Die Erstautorin der Studie, Elisabeth Strunk, Doktorandin in der Gruppe von Tobias Gulder, betont die Bedeutung dieser Errungenschaft: „Wir konnten erstmals die Abfolge aller enzymatischen Schritte entschlüsseln, mit denen das Biphenomycin-produzierende Bakterium ein einfaches Peptid in das fertige, biologisch aktive Biphenomycin-Molekül umwandelt. Dieses Verständnis des Biosynthesewegs liefert nun eine Grundlage, um diese Naturstofffamilie gezielt zu verbessern.“ Die Studie zeigt, dass die bakteriellen Produzenten zunächst ein einfaches Peptid herstellen. Dieses enthält Bereiche, die steuern, wie es im weiteren Verlauf modifiziert wird. Anschließend bearbeiten mehrere spezialisierte Enzyme das Peptid in einer definierten Reihenfolge. Besonders ungewöhnlich ist das dabei involvierte Enzympaar BipEF, das zwei Funktionen in sich vereint: Es fügt zum einen gezielt chemische Gruppen in das Peptid ein und schneidet es zugleich an einer definierten Stelle. Dass diese beiden Funktionen gleichzeitig auftreten, wurde innerhalb der untersuchten Enzymfamilie bisher noch nicht beschrieben.
Da der Biosyntheseweg nun aufgeklärt ist, können die Forschenden damit beginnen, gezielt die beteiligten Gene zu manipulieren und sie in optimierte Produktionsstämme zu übertragen. Dies eröffnet die Möglichkeit, Biphenomycine in ausreichenden Mengen für weiterführende Untersuchungen herzustellen und zudem neue Varianten mit verbesserten pharmazeutischen Eigenschaften zu entwickeln. „Jahrzehntelang waren Biphenomycine wissenschaftlich interessant, aber praktisch kaum zugänglich. Jetzt, da wir verstehen, wie sie gebildet werden, können wir anfangen, sie gezielt zu verändern und ganz neue Derivate zu generieren.
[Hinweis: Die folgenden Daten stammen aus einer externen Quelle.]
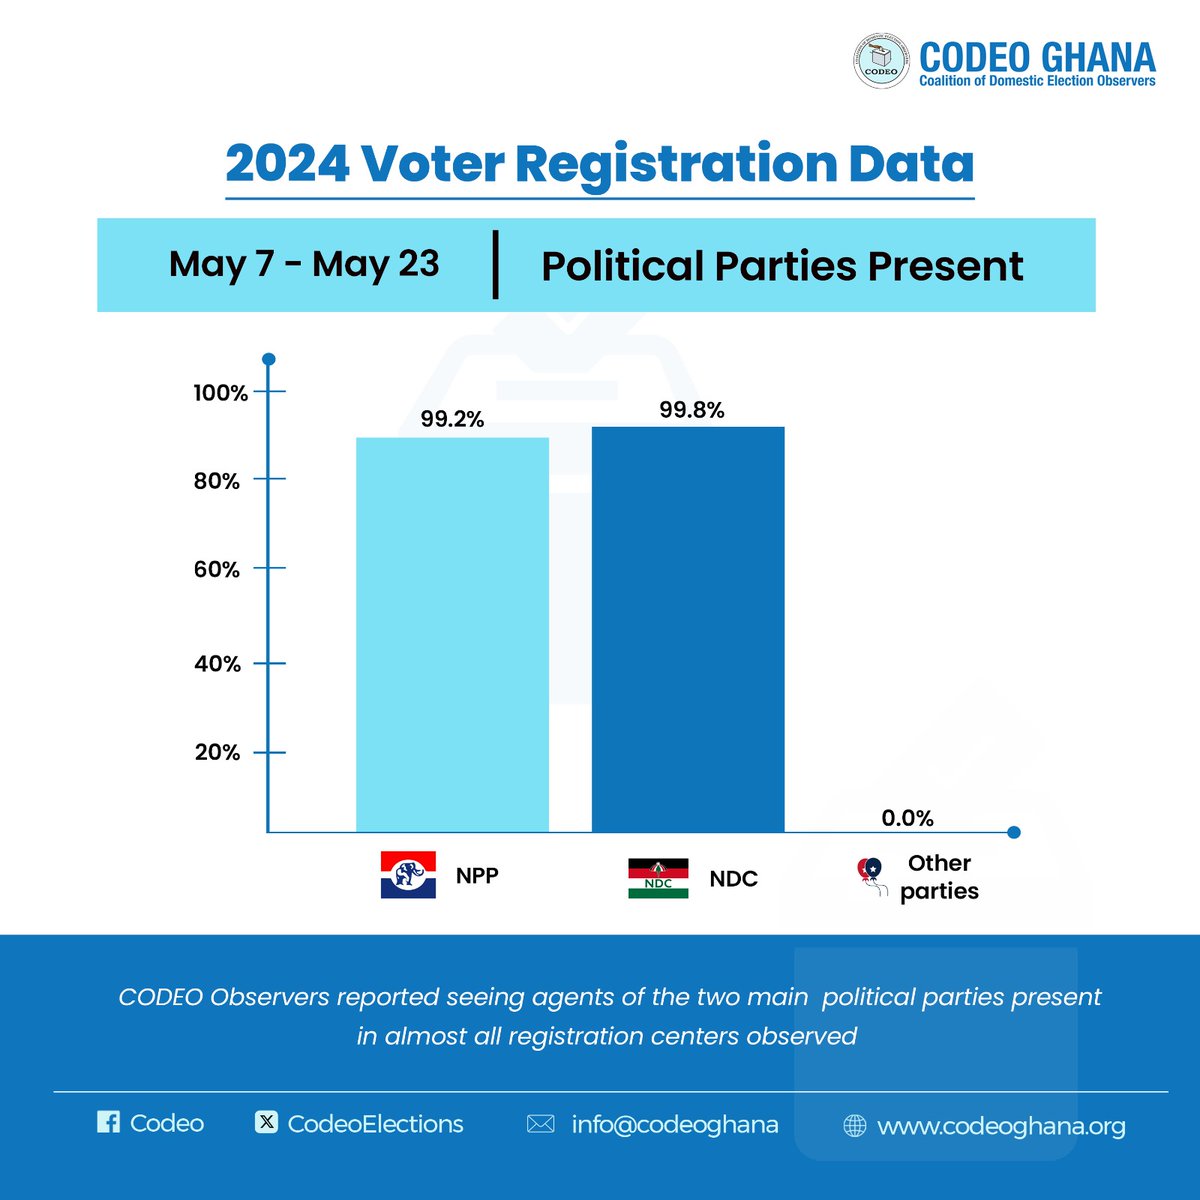 #BVRUpdate: A majority (87%) of registration kits functioned well, while 13% experienced issues. Additionally, our observers reported the presence of agents for both major political parties at the various registration centers. #VoterRegistration #GhanaElections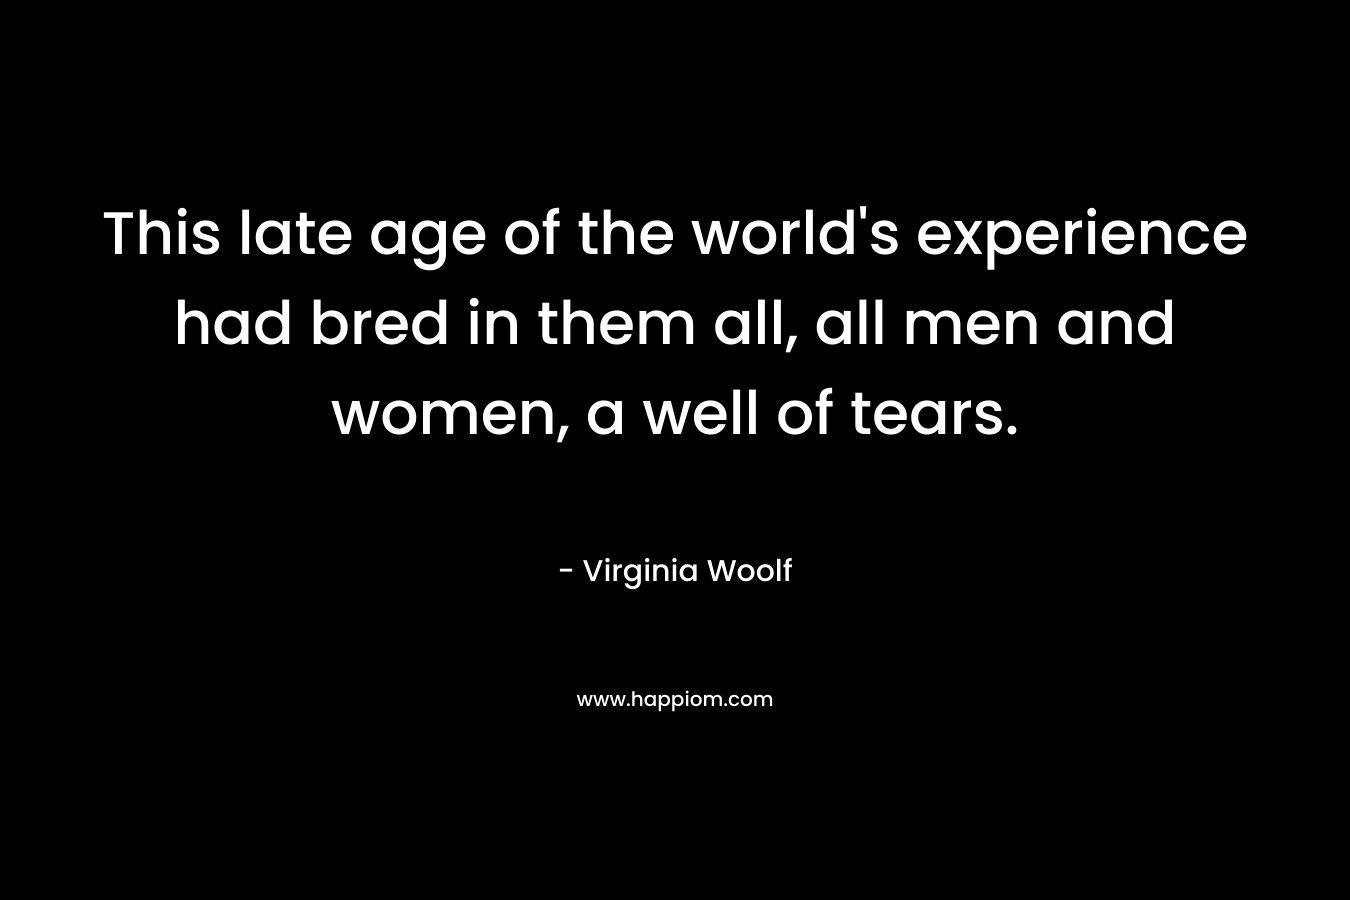 This late age of the world's experience had bred in them all, all men and women, a well of tears.

Dies ist ein entscheidender Schritt, der es uns erlaubt, innovative Wirkstoffkandidaten gegen Infektionen zu entwickeln, die nicht mehr auf etablierte Medikamente ansprechen“, sagt Tobias Gulder, Leiter der Abteilung Naturstoff-Biotechnologie am HIPS und Inhaber der gleichnamigen Professur an der Universität des Saarlandes. Diese Ergebnisse legen die Grundlage für zukünftige Arbeiten, um Biphenomycine zu realen Therapieoptionen weiterzuentwickeln und leisten damit einen maßgeblichen Beitrag zur Suche nach neuen Lösungen im globalen Kampf gegen Antibiotikaresistenzen.